Заманчивая и расслабляющая волю и рассудок красота женщины. Не в этом ли ее великое начало, ее мудрость?
«Остановись, я с тобой, к чему усилия и стремления, если я твоя? Зачем тебе знать, отчего вода в океане соленая, зачем тебе знать, сколько световых лет до соседней галактики, если самая великая тайна души и тела — во мне, если тайна рождения новой жизни — во мне, в непознаваемом, но доступном тебе существе, в котором сама гармония всех твоих чувств, мыслей, дел и поступков? Все — во мне! Неужели ты не понимаешь этого?»

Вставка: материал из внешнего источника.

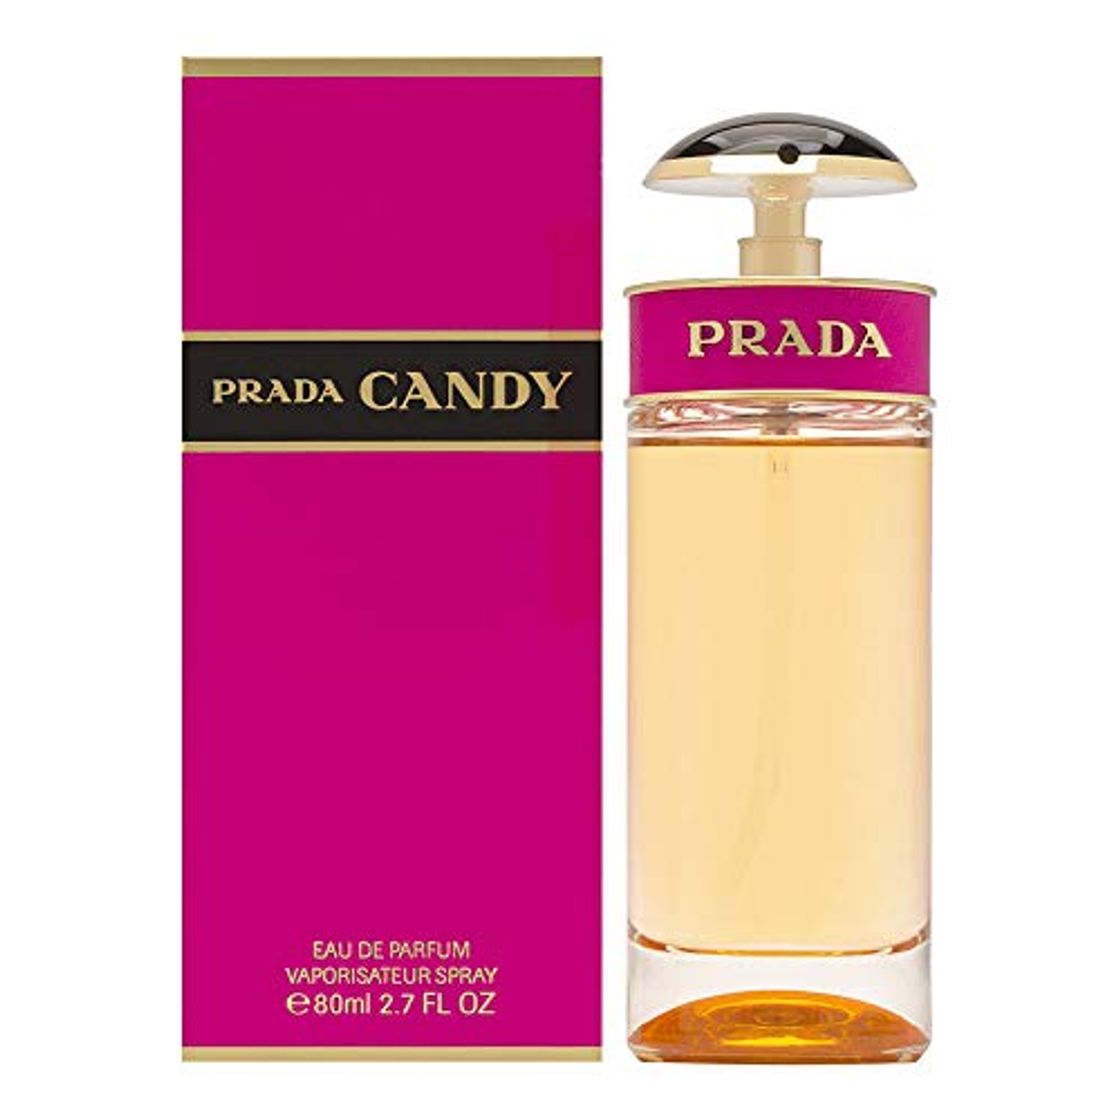 PRADA CANDY, de Prada

Великий восторг удачи! Гармония всех сущих на земле искусств, наук, философий, запечатленная в тайном мгновении истины, воплощенном в женщине.
Ты возвышен душою, когда любишь и тебя тоже любит самая красивая женщина на свете, ибо самая красивая из них та, которую ты любишь. Нет тогда других красавиц.

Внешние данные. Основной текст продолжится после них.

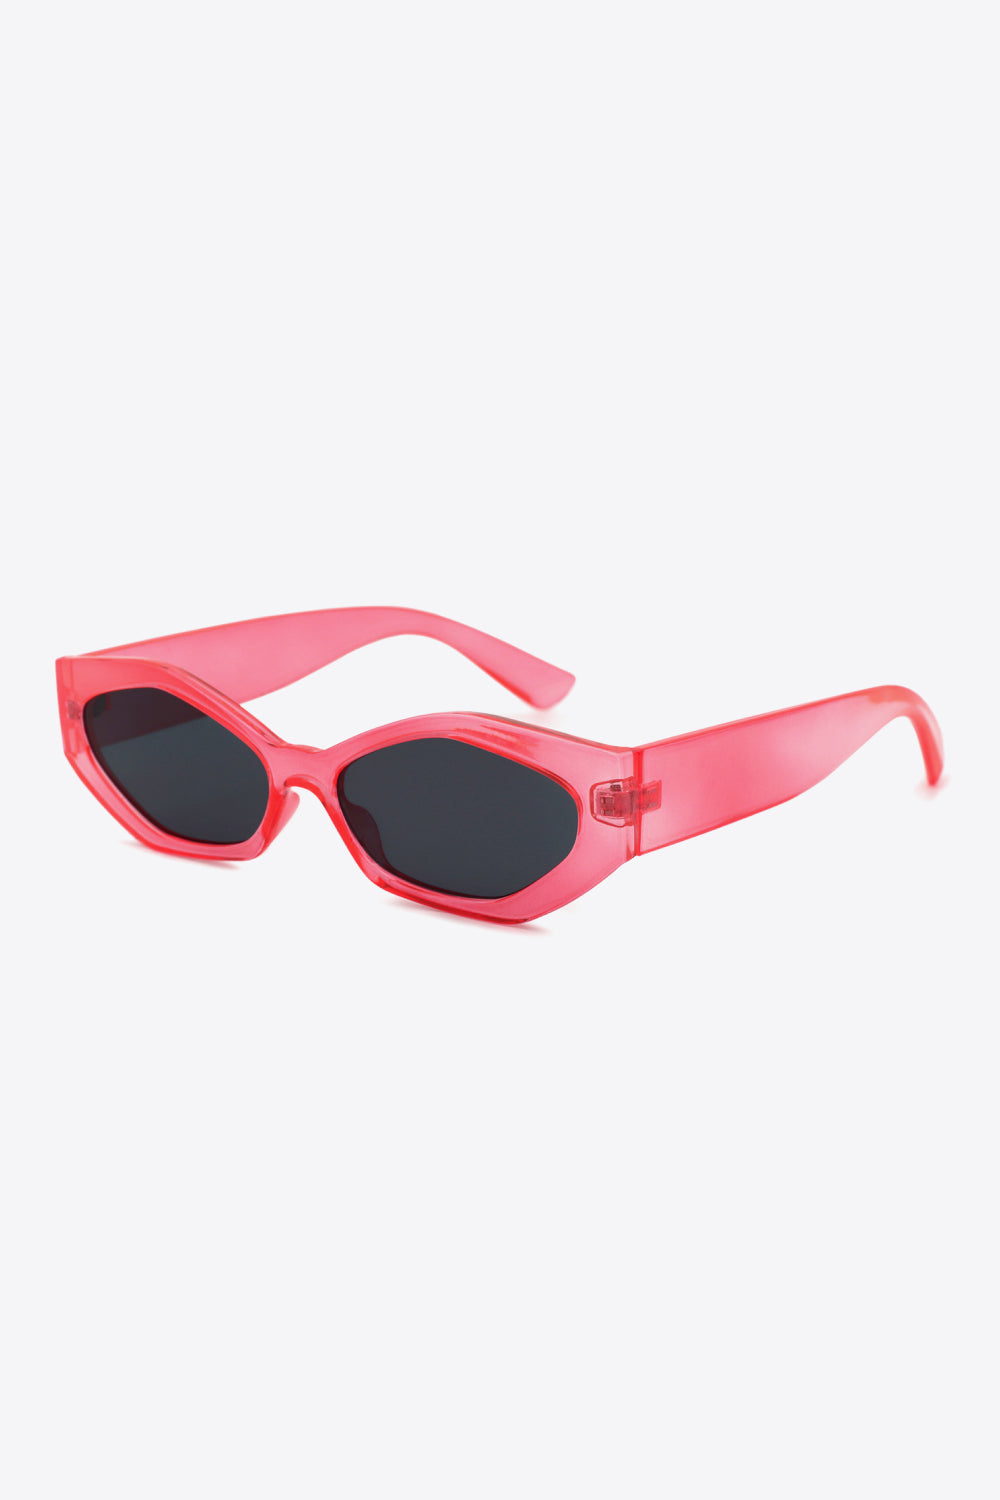 Polycarbonate Frame Wayfarer Sunglasses Scarlett One Size Sunglasses by Vim&Vigor | Vim&Vigor Boutique

Если же ты заметил и осознал другую, если подумал втайне, что именно она, эта другая, вобрала в себя всю красоту природы — значит, опять ты в поисках сокровенного мгновения, неуловимого момента истины.
«Посмотри на меня, пожалуйста, — снова слышит твое сердце. — Ведь я именно та, которую ты так долго искал. Ты и родился для того только лишь, чтобы найти меня. Ведь я красива, правда? Разве не в этом счастье? Не в этом ли истина? Не пора ли отдохнуть? Ты устал в поисках истины. А ведь главная тайна Вселенной — во мне. Ты нашел истину! Ты гений. Попробуй понять эту тайну...»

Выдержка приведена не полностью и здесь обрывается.